Bu çağın belki de en büyük felaketi, toplumsal bir gaflet uykusuna dalmış olmamız. İnsanlar, ellerindeki dikdörtgen cihazları kaydırarak zamanı öldürüyor; oysa zaman, doğru kullanıldığında her şeye yetecek kadar cömertti. Eskiler bir haber alabilmek için günlerce, kimi zaman haftalarca beklerdi. Bu satırları okurken “O devir geçti, şimdiyle kıyaslama” diyenler olacaktır. Evet, geçti; fakat ben zamanın gerçekten değer gördüğü dönemlerden söz ediyorum.
Bugün beyinlerimiz, gün içinde sayısını dahi bilmediğimiz bir bilgi bombardımanına maruz kalıyor. Bu kadar çok şeyden haberdar olup hiçbir şeyle ilgilenmeyen başka bir nesil var mıdır gerçekten? Sokakta herkesle birlikteymiş gibi görünüyoruz fakat özünde kimseyle aynı yerde değiliz. Sadece başımızı, bizden akıllı sandığımız cihazlardan biraz kaldırabilsek nasıl bir çürümenin içinde olduğumuzu fark edeceğiz.
Bedenler sürekli hareket hâlinde; birbirinden farklı yüzler akıp gidiyor… ama yürüyen yalnızca bedenler. Ruh ise çoktan göç etmiş gibi. Bu çağın ruhu ne diye sorarsanız bana meyyitü'r-rûh derim Meyyitü'r-ruh, osmanlıca’da pasifleşmiş, hayata karşı duyarsızlaşmış insanı anlatır bu yüzden bugün yaşadığımız hâletiruhiyeyi en iyi karşılayan tabirdir. Her şeye karşı umursamaz, yılgın bir şekilde sürükleniyoruz buna ne kadar “yaşamak” denirse…

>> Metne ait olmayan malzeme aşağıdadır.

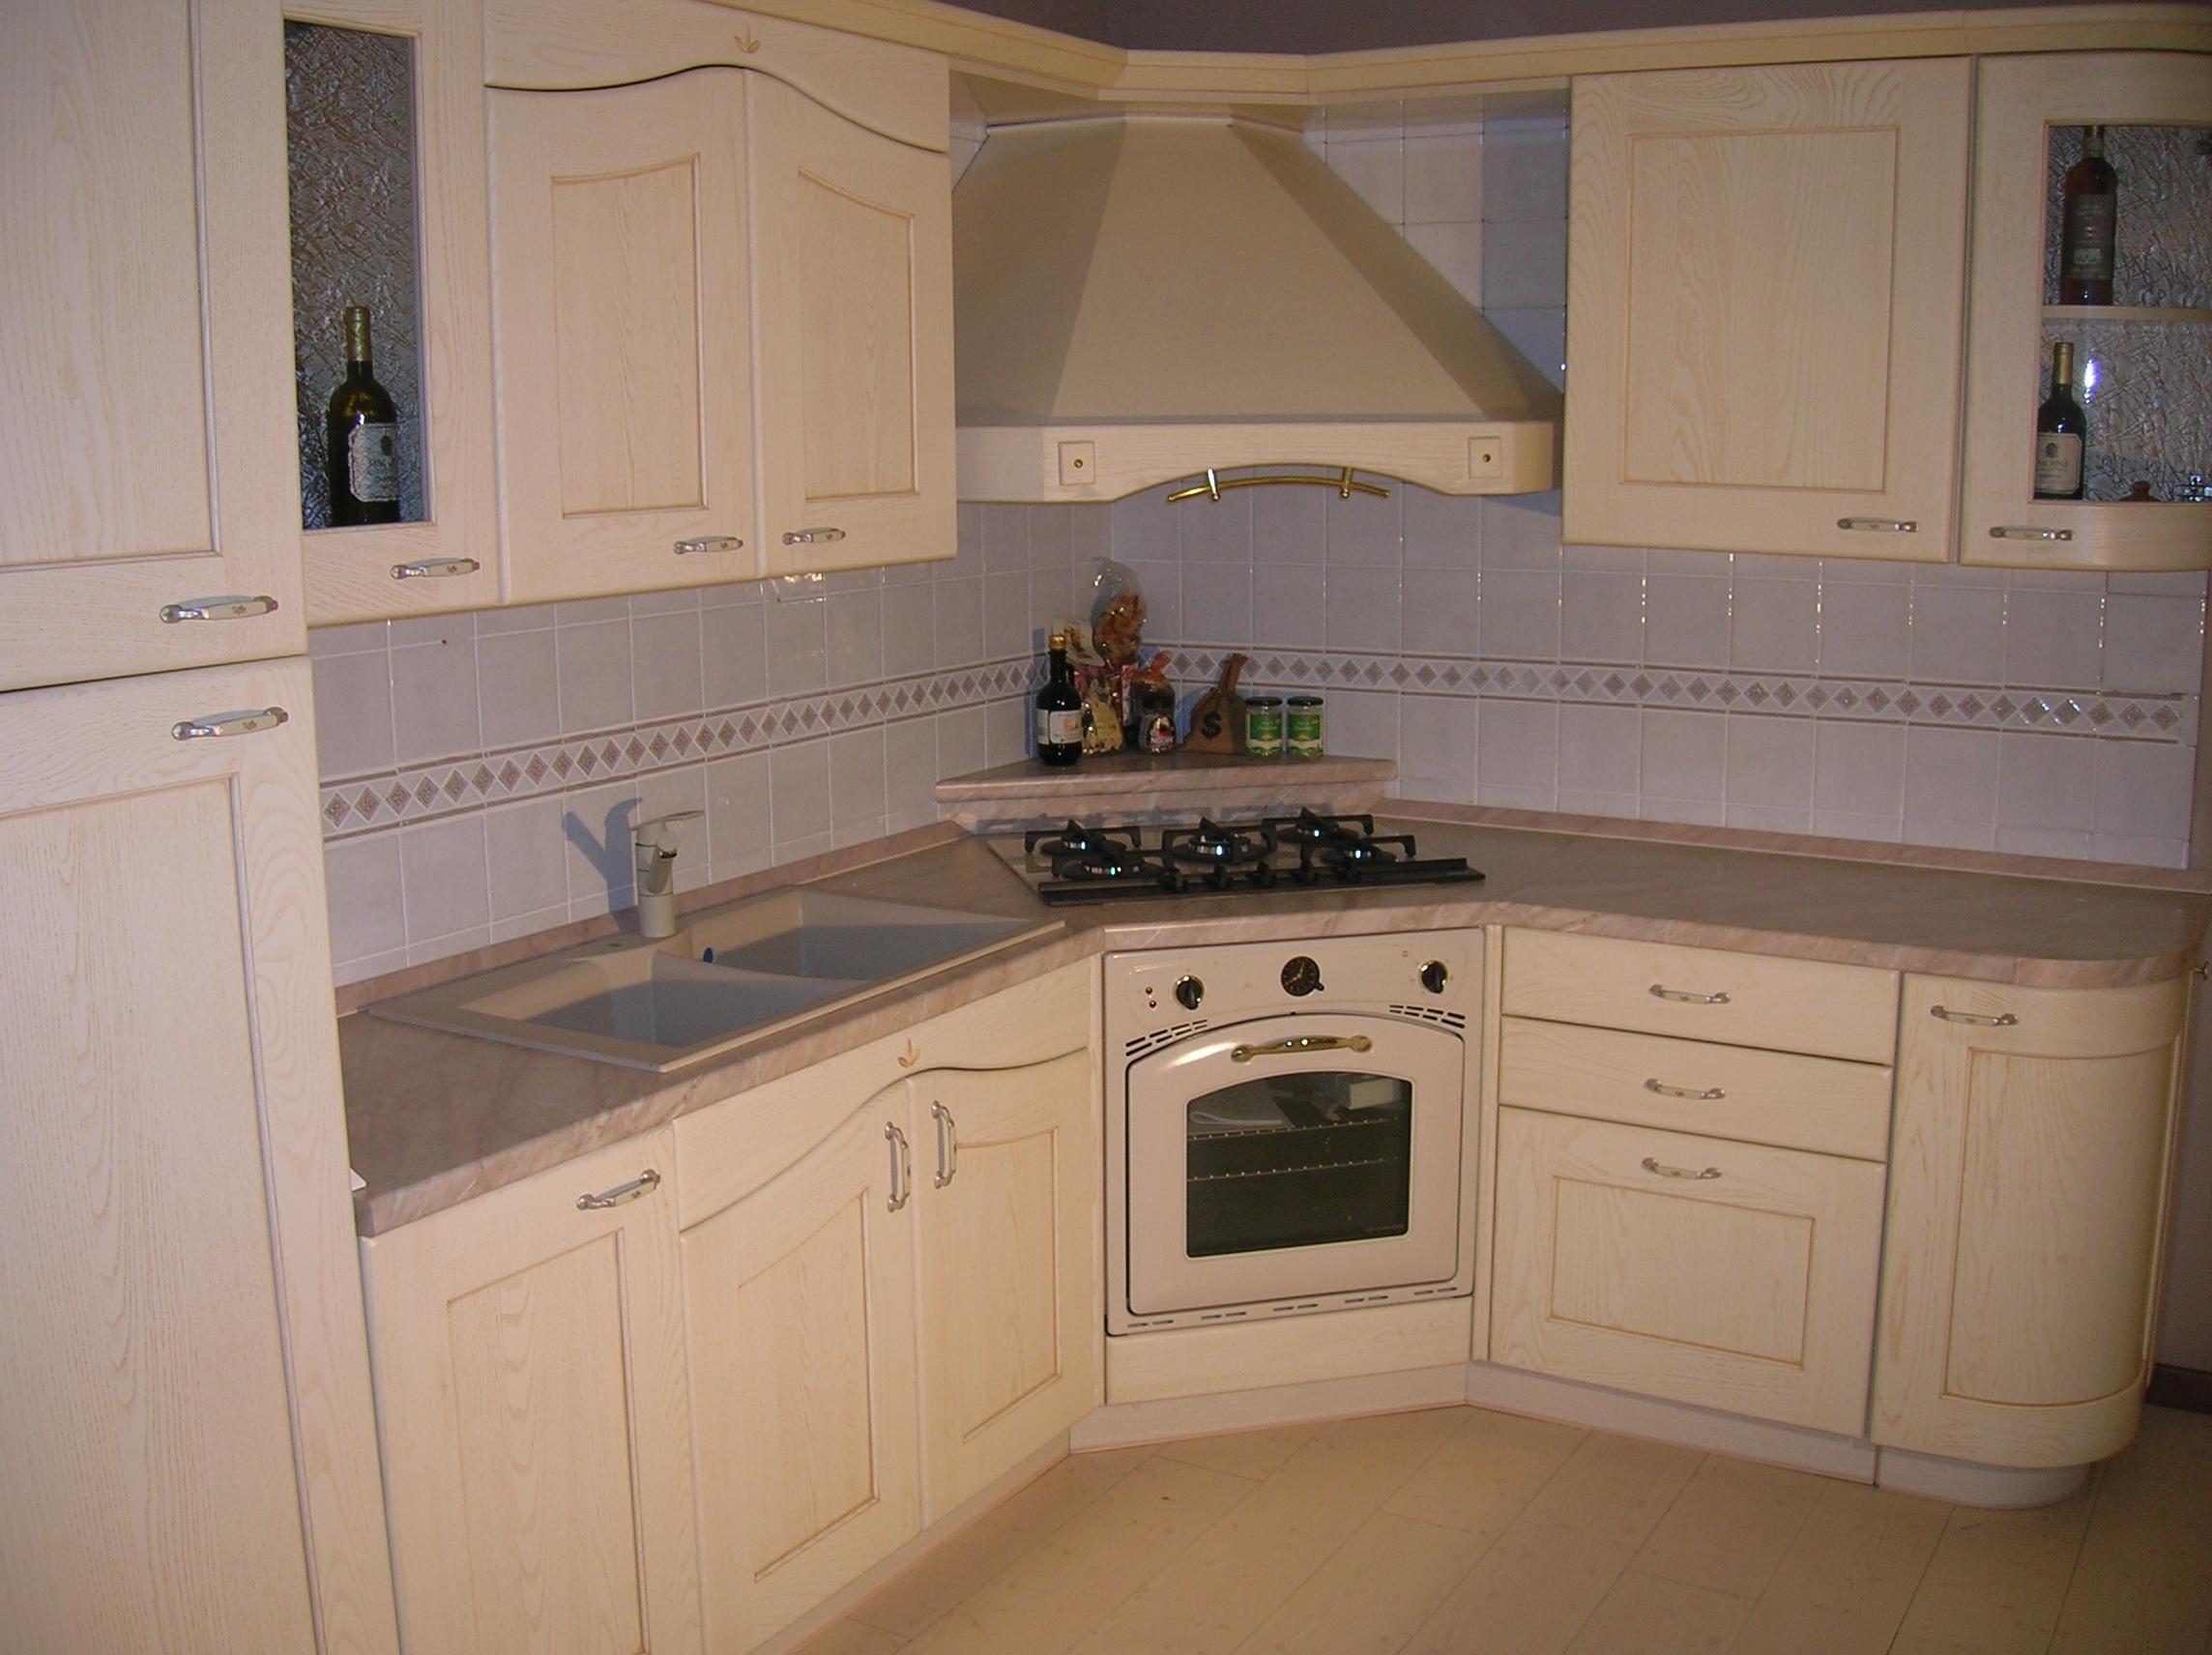 Costi Ristrutturazione Cucina #2085 | msyte.com Idee e foto di ...
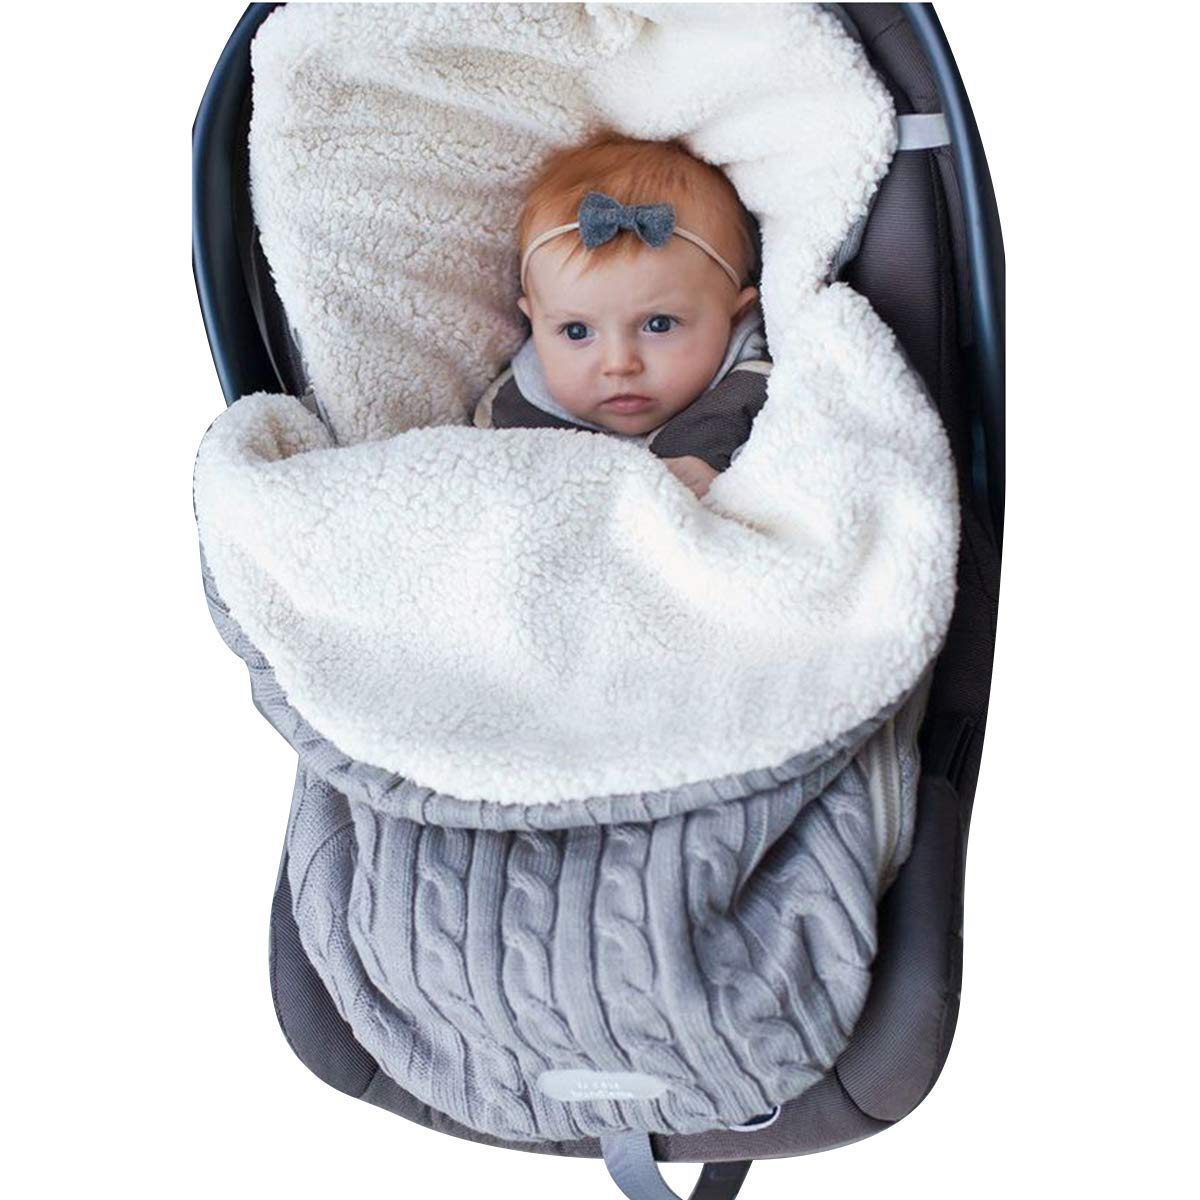 Newborn Baby Swaddle Blanket Wrap, Thick Baby Kids Toddler Knit Soft Warm Fleece Blanket Swaddle Sleeping Bag Sleep Sack Stroller Unisex Wrap for 0-12 Month Baby Boys Girls (Grey) Steerfr

Bir yılın daha sonuna geldik. Artık harekete geçmenin vakti gelmedi mi? Ruhumuzu yeniden çağırmanın, biraz olsun bu dikdörtgen cihazlardan uzaklaşmanın zamanı değil mi? Hayat, her doğan için bir ölüm hazırlarken giden zamanı geri getirmek mümkün değil. Fakat gelen zamanı değerlendirmemek, insanın kendine yapabileceği en büyük gaflettir. Yaşıyorsun ama elindeki cihazlarla âdeta bitkisel hayattasın; kaydırdıkça ömründen bir dakika daha gidiyor.
Bu nedenle bu çürümeye artık bir dur demeliyiz. İnsanız; bizi robotlardan ayıran bir fark olmalı. Harekette bereket vardır.O hâlde madem dünyadan geçiyoruz, geride iz bırakanlardan olalım.
Unutma: Küçük alışkanlıklar zamanla yaşam tarzına dönüşür. Değişim, sadece elindeki cihazı bırakmanla başlayabilir. Bir nefes al, kendini toparla…
Bu kez gerçekten yaşamaya başlıyoruz.